Près de la moitié de la population suisse insatisfaite de sa démocratie
Une enquête représentative menée auprès de 6000 personnes en Suisse révèle que la démocratie directe est appréciée, mais aussi que l'insatisfaction et le pessimisme sont de mise pour l'avenir.
Les populistes, c’est toujours les autres! C’est ainsi que l’on pourrait comprendre le résultat le plus frappant de l’Observatoire de la démocratie 2023Lien externe réalisé par l’institut de sondage gfs.berne et Pro Futuris, le laboratoire d’idées de la Société suisse d’utilité publique (SSUP).
De gauche à droite, les gens en Suisse sont d’accord avec l’affirmation selon laquelle en politique suisse, «celles et ceux qui reçoivent le plus d’attention» sont «les personnes qui provoquent le plus et pas celles qui ont les meilleures idées politiques».
Il en va de même concernant l’inquiétude autour de la polarisation. Ainsi, les partisanes et partisans de tous les partis politiques perçoivent majoritairement un morcellement croissant de la «société suisse (…) en petits et micro-groupes irréconciliables» et considèrent qu’il est «de plus en plus impossible de trouver des majorités pour former des compromis».

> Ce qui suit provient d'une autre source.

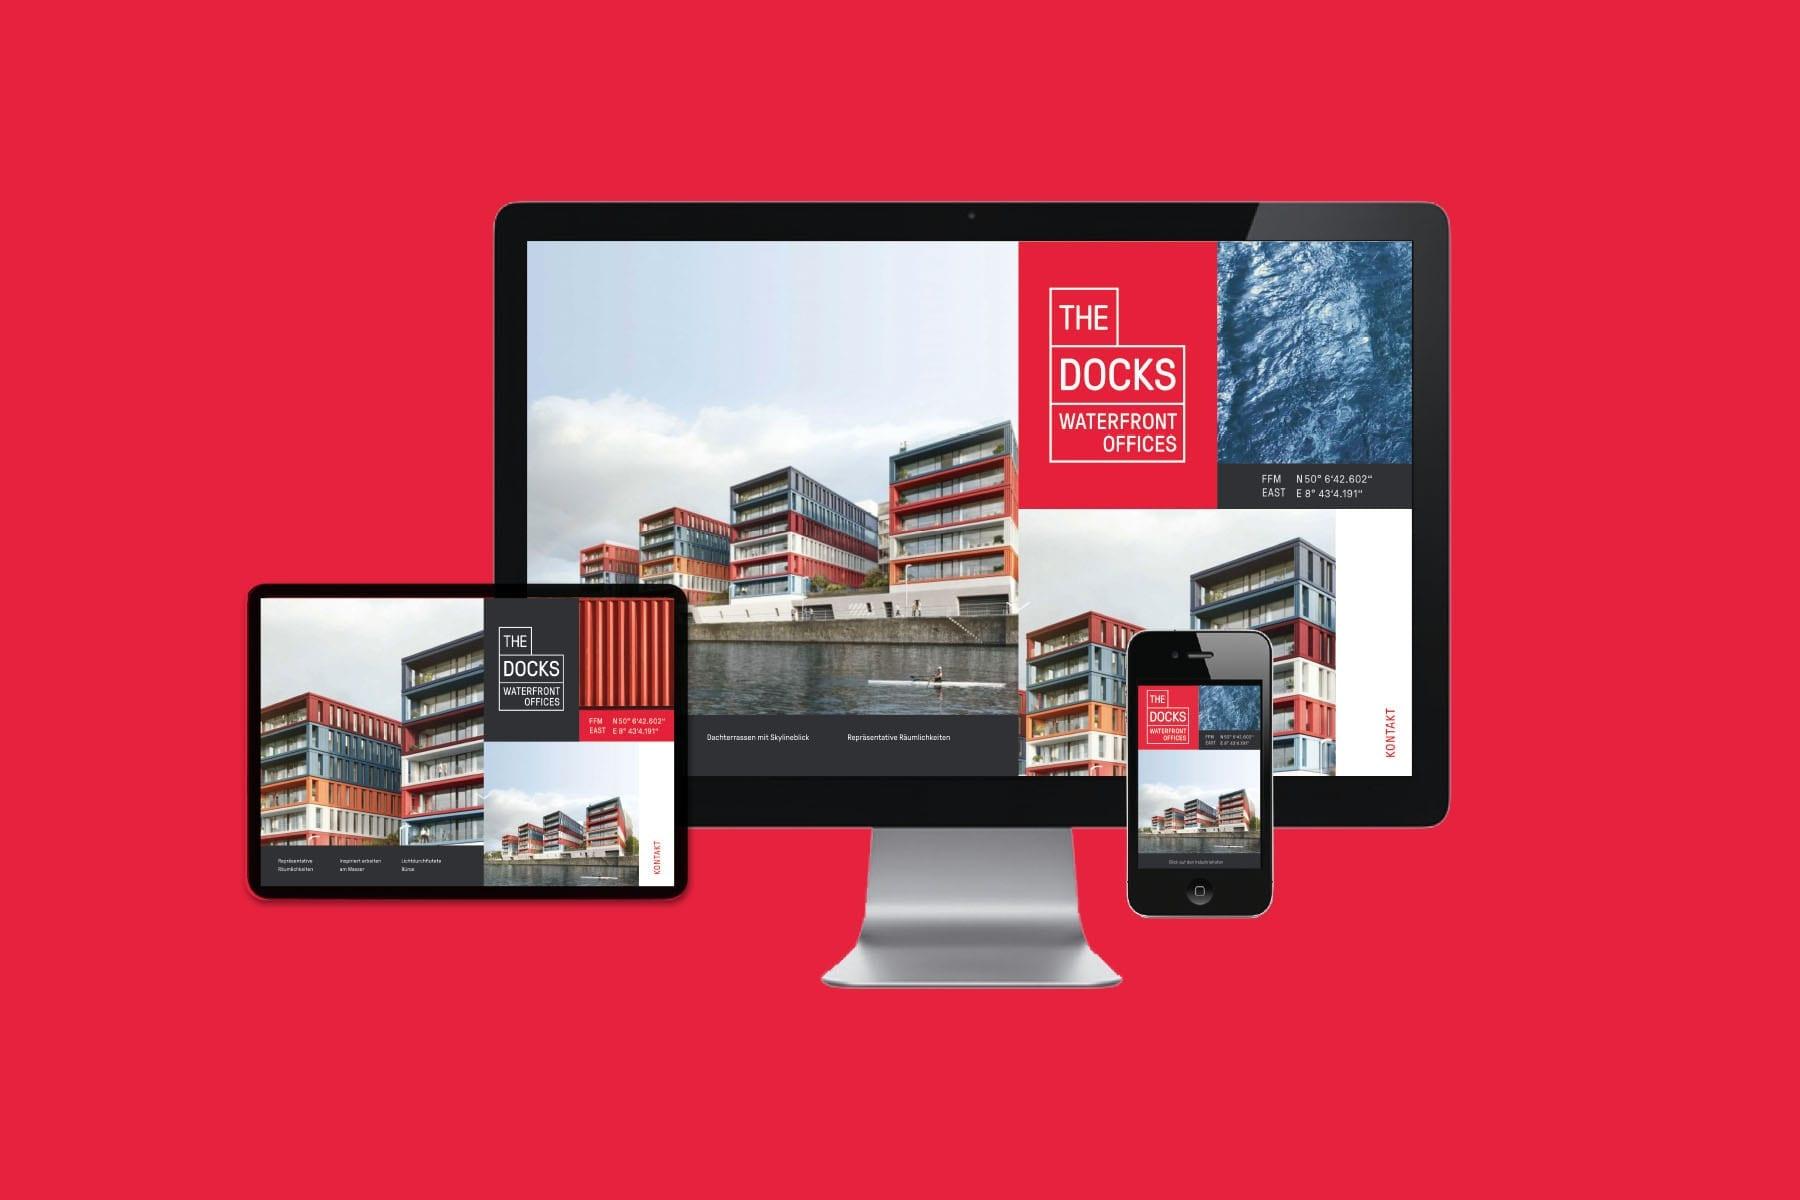 Marketingkampagne für das Bürogebäude - The Docks Website Responsive

Cette proportion est particulièrement élevée (70%) parmi l’électorat de l’Union démocratique du centre (UDC / droite conservatrice), mais 64% du corps électoral des partis du centre sont également d’accord avec ce constat. À gauche, 59% des sympathisants et sympathisantes du Parti socialiste (PS) et 56% des Vert-e-s sont de cet avis.
Pro Futuris et gfs.bern ont questionné 6000 personnes représentatives de la population suisse. Urs Bieri, co-directeur de gfs.bern, qualifie l’Observatoire de la démocratie d’«enquête d’un genre nouveau auprès de la population, qui inclut notamment les adultes sans passeport suisse, les jeunes à partir de 14 ans ainsi que les groupes typiquement sous-représentés ayant un faible niveau de formation».
L’Observatoire de la démocratie paraît en prévision du 175e anniversaire de la Constitution fédérale le 12 septembre. L’une des questions principales est la suivante: sommes-nous sur la bonne voie pour le bicentenaire?
La réponse est oui et non.
D’une part, il existe un large consensus sur les droits politiques. 85% des personnes interrogées sont satisfaites des possibilités de participer à la démocratie helvétique. La population apprécie également l’intégration des minorités (81% d’opinions favorables) et le fédéralisme fortement marqué (71% d’opinions favorables).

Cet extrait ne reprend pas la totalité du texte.